NATO (the North Atlantic Treaty Organization) is known primarily as a military alliance—and understandably so. Military deterrence is NATO’s core mission, ensuring the security and defending the territory of the alliance’s 32 member states and 980 million people. However, that’s not NATO’s only mission. Perhaps NATO’s most underappreciated contribution to its members and the rest of the free world is its role in spreading prosperity and promoting economic freedom.
Last Chance
Before digging into NATO’s lesser-known mission, it’s important to establish that, despite their misuse over the centuries, armies can actually help preserve liberty and promote prosperity.
No less an authority on economic liberty than Adam Smith—recognizing that “a wealthy nation is…the most likely to be attacked”—observed that “the first duty of the sovereign, that of protecting the society from the violence and invasion of other independent societies, can be performed only by means of a military force”; that “the military force of the society” should be maintained “even in time of peace”; and that armaments are “favorable both to the permanency and to the extension of civilization.”
In short, investment in defense is a primary duty of government. It’s not only a hedge against the destruction brought about by war, against violence and invasion, against those who would roll back civilization. It’s a necessity. Just as our cities cannot function without police, our civilization cannot long survive without armies.
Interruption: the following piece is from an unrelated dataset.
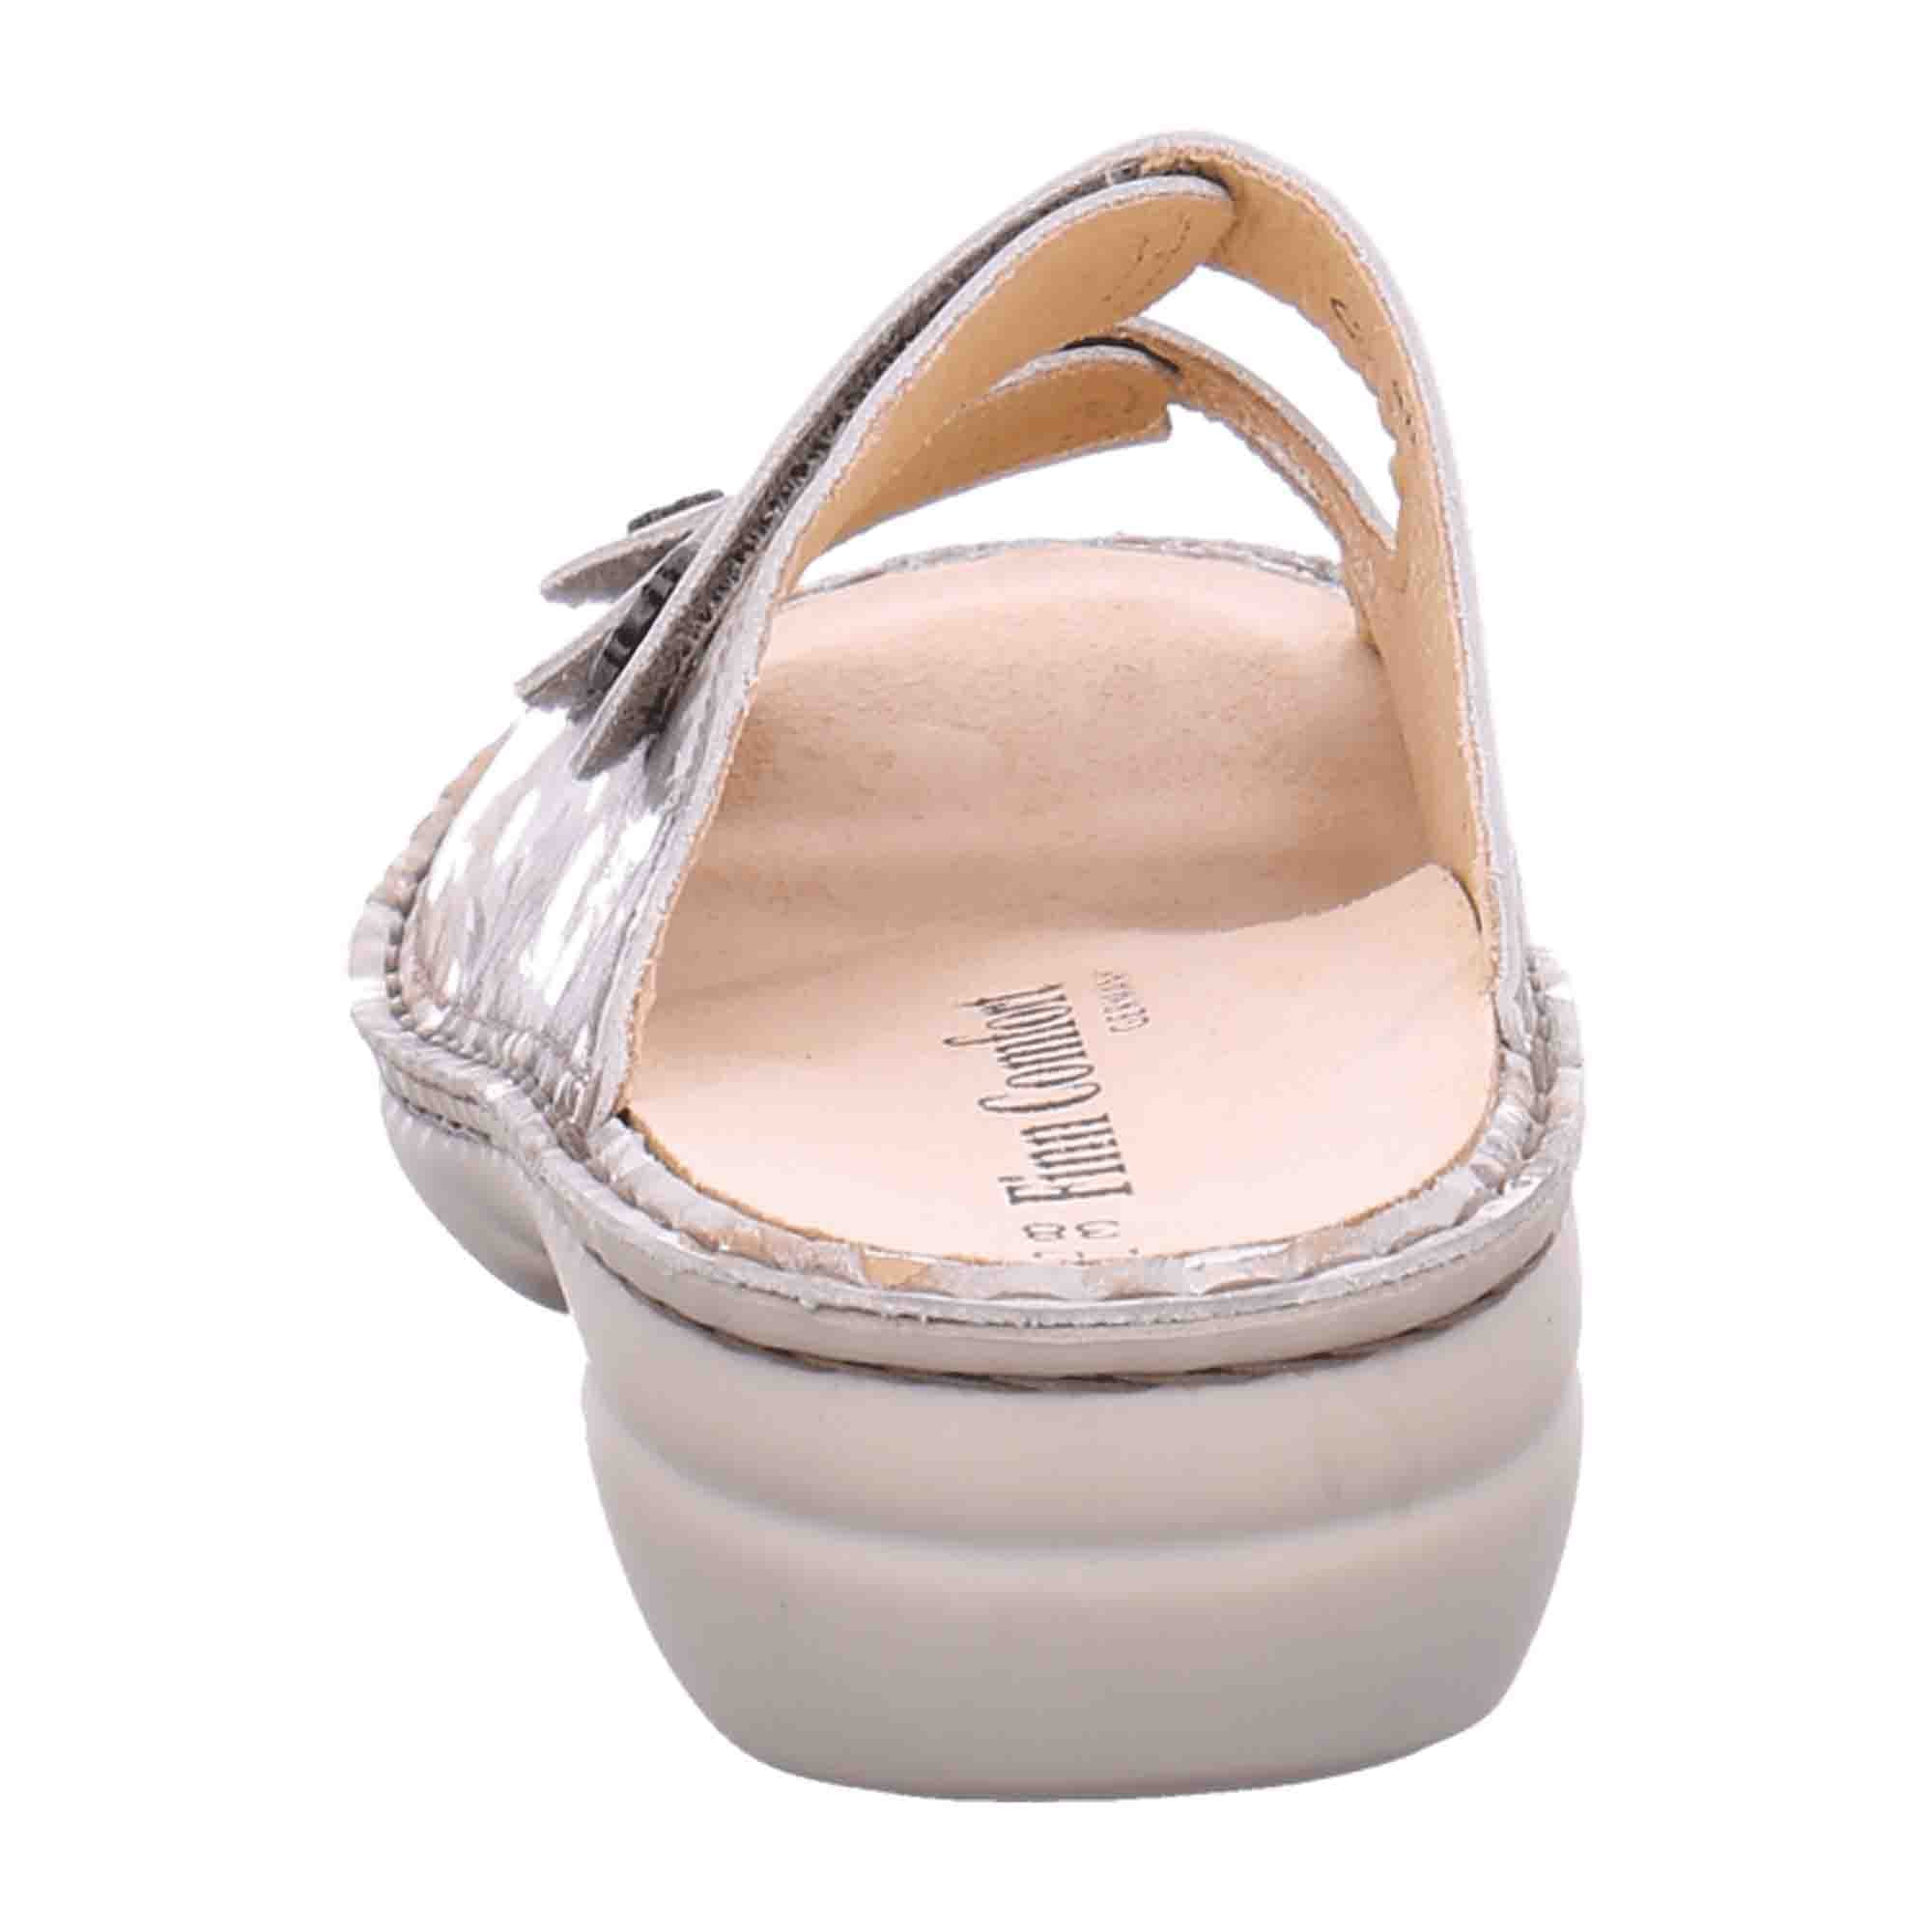 Finn Comfort Menorca-S Silver Sandals for Women - Stylish & Comfortable

Some of Smith’s contemporaries—including many of America’s Founding Fathers—would challenge the notion that armies can serve as a bulwark for liberty. Several founders openly warned that standing armies threaten liberty. Such worries were understandable given the history they learned and indeed the history they lived: King George III’s army literally trampled the liberties of the colonies. But opposition to standing armies was not a consensus view among the founders. President George Washington, echoing Smith, argued that a standing army—limited in size and under civilian authority—was “indispensably necessary” to discourage attacks on the frontier, “protect our trade,” “prevent the encroachment of our neighbors” and “guard us at least from surprises.”
What do Smith’s and Washington’s observations have to do with NATO?
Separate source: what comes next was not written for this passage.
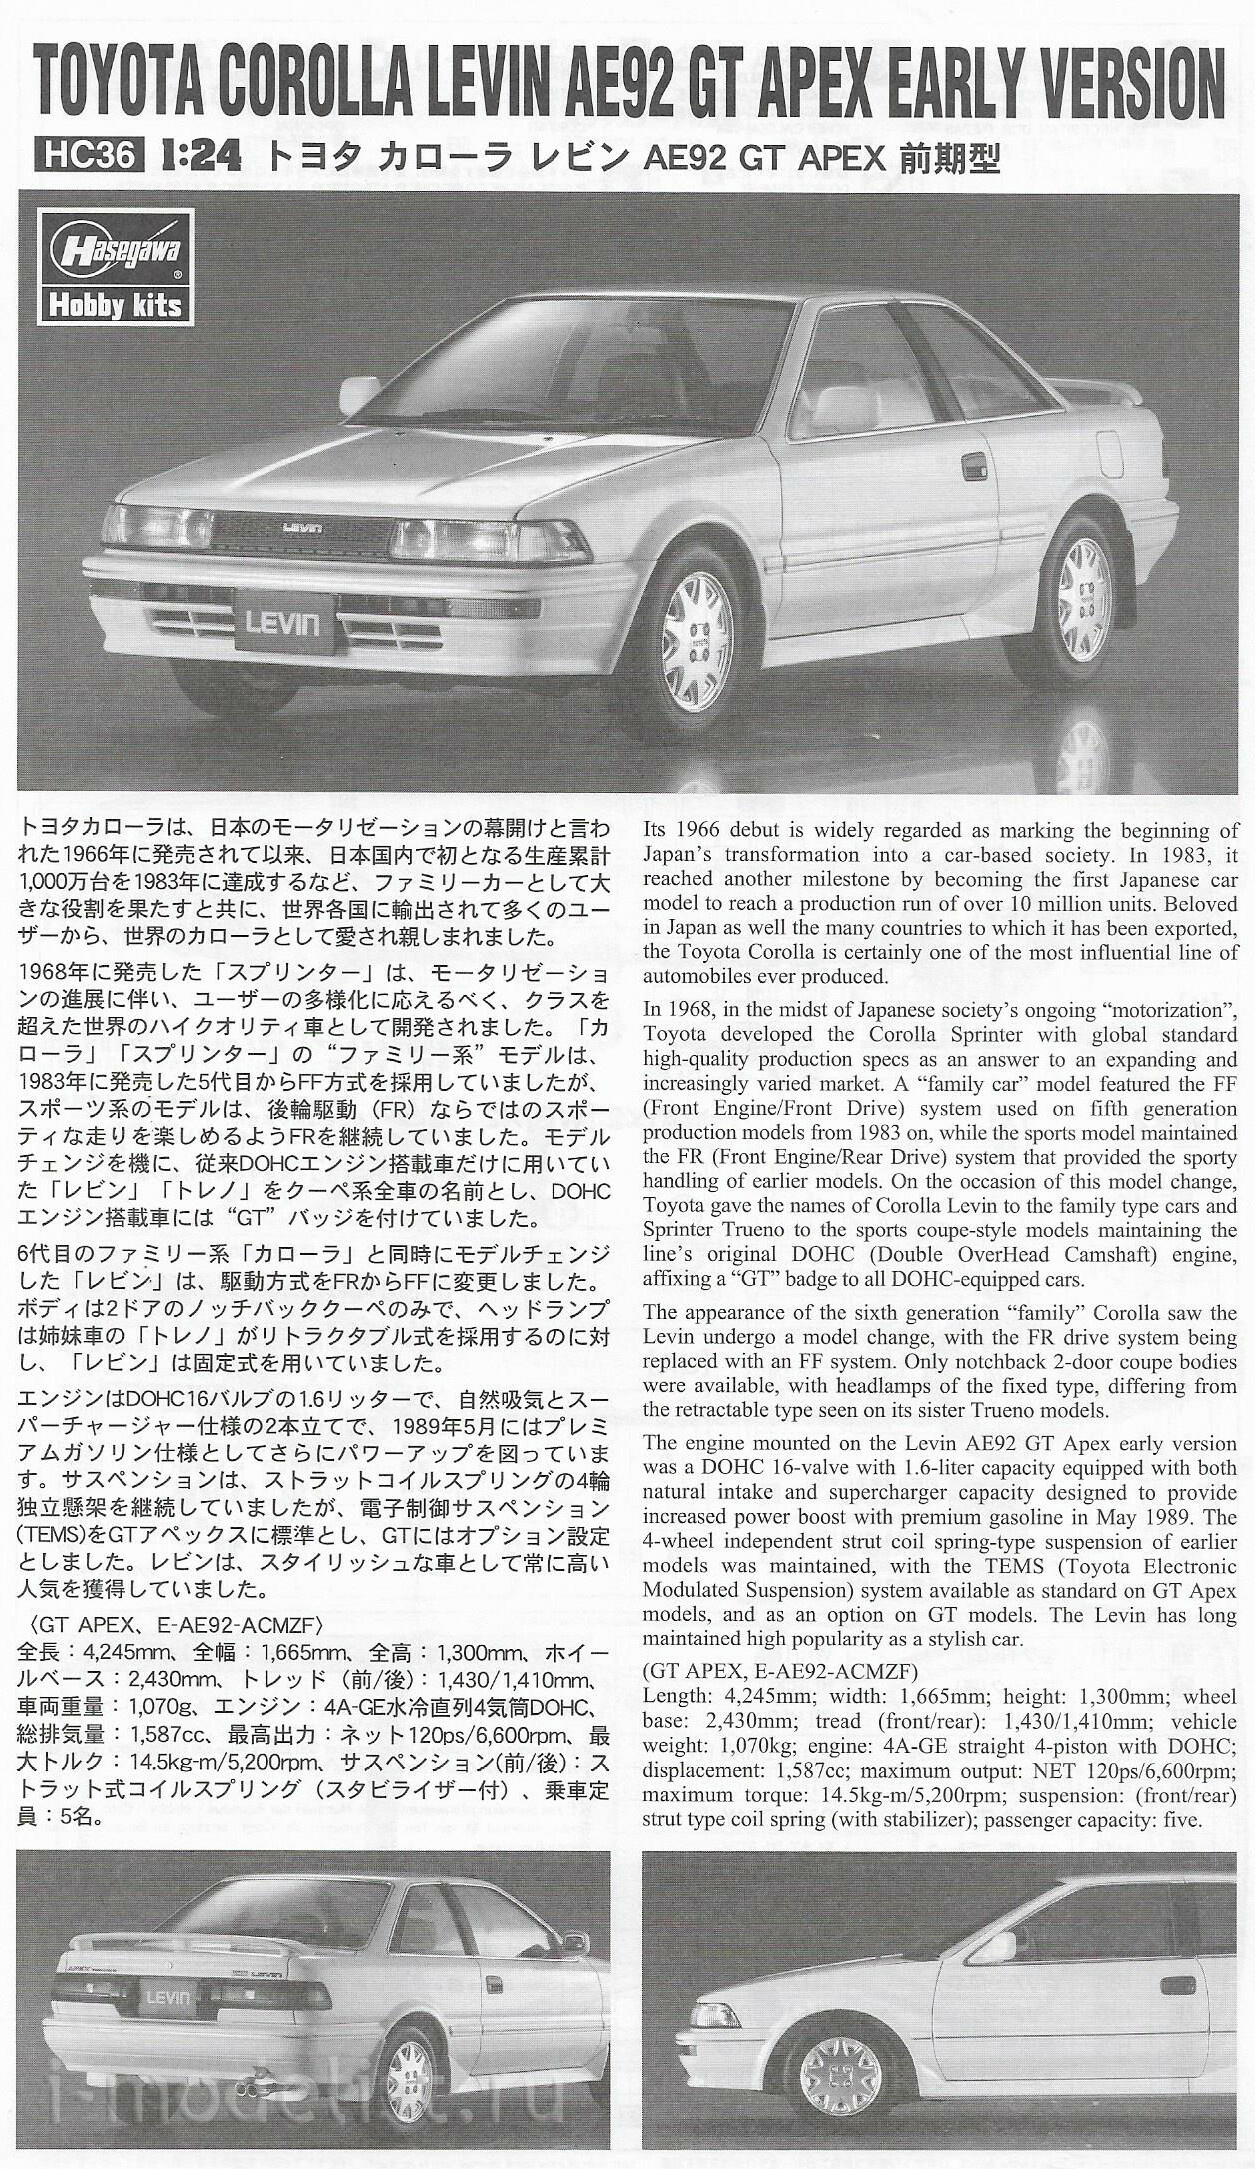 21136 Hasegawa 1/24 Toyota Corolla Levin AE92 GT Apex Car

To borrow from Washington, the civilian-led militaries of NATO have deterred attacks, protected trade, prevented encroachment, guarded against surprises and protected our liberty from external threat.
To borrow Smith’s term, NATO is a collection of wealthy nations. Since 1949, the sovereign authorities of those nations have recognized that they are stronger together than apart; that a collective-defense alliance can help protect their societies from invasion; and that prudent investments in defensive arms can deter their enemies and preserve their civilization. Indeed, as he took the reins as NATO’s first military commander, Gen. Dwight Eisenhower called NATO “the last remaining chance for the survival of Western civilization.”
Bluster and Alarm
To be sure, public resources are sometimes wasted in the process of equipping armies and deterring aggression. Eisenhower worried about the growing size of “the military-industrial complex,” and we’ve all heard about the Pentagon’s “$600 hammer.” However, it could be argued that NATO helps save resources.
First and foremost, NATO’s purpose is to deter war—a human action that devours resources. In addition, the alliance promotes military-to-military interoperability and efficiencies, shares the burdens and costs of security, encourages a division of labor, allows members to play niche roles, and avoids duplication of production. For instance, the NATO nuclear umbrella, provided by just three members, reassures the other 29 that they need not expend resources developing, deploying, stockpiling and maintaining nuclear weapons.
Eisenhower’s words about the survival of civilization—and NATO’s record in the intervening decades—underscore why many on both sides of the Atlantic have reacted with alarm to President Donald Trump’s positions. Trump has dismissed NATO as “obsolete,” proposed withdrawing from NATO, threatened NATO members and invited Putin’s henchmen “to do whatever the hell they want” to members that don’t “contribute their fair share.”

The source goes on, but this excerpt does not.